Three weeks ago, Brian began to eat soft food -- vanilla ice cream, orange sherbet -- for the first time since the accident. Two days ago, he ate an entire meal in the form of pureed meats, fruits and vegetables. If all goes well, Gisolfi said, doctors can remove the stomach tubes that have sustained him for the last seven months.
The long-term prognosis is unknown. Gisolfi said Brian will have to stay at Mount Vernon for several more months. At some point, Brian will return home to Springfield where, Gisolfi said, "Brian will have some meaningful life. He will not be a vegetable." But his chances of being self-sufficient -- of holding a job, of taking care of himself fully or walking on his own -- are not good.
Meanwhile, his family is making plans to take a month-long vacation, the first time they have thought about being away from Brian.
A few months ago, when it came time to decide whether to switch their medical insurance, Curt explored the various options and decided to go with Kaiser again. "All in all, I don't think there's another plan out there that's any better," he said.
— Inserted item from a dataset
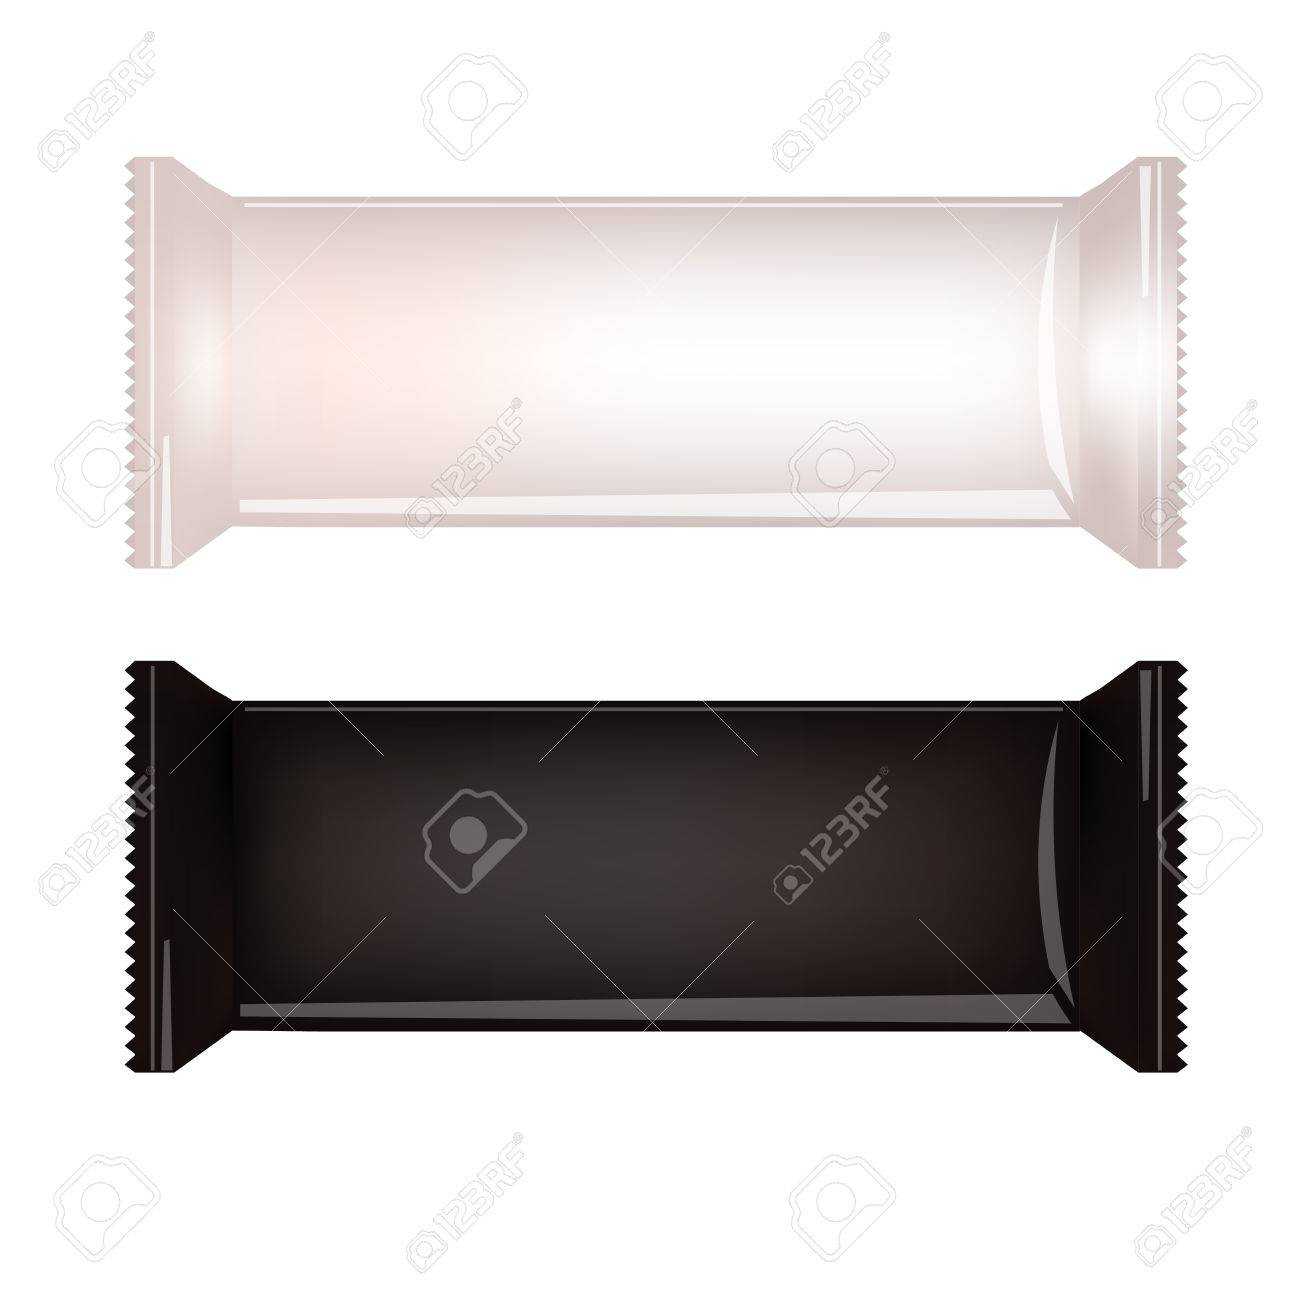 White And Black Blank Food Packaging For Biscuit, Wafer, Crackers,.. In Blank Candy Bar Wrapper Template

As for Janet, her feelings can best be summed up by what she told a friend recently.
"What this has done," she said, "is bring me back to some basic values. If I knew I were to give birth to a retarded son, would I? I don't know. I feel a handicapped child does bring a great deal to his environment. But you come to these views gradually. It doesn't come to you overnight.
"At this point I'm very accepting of Brian as he is," she went on, her voice sounding surer than it had in months. "You make peace with what you've got. When I hug him and kiss him it sure is better than visiting his grave."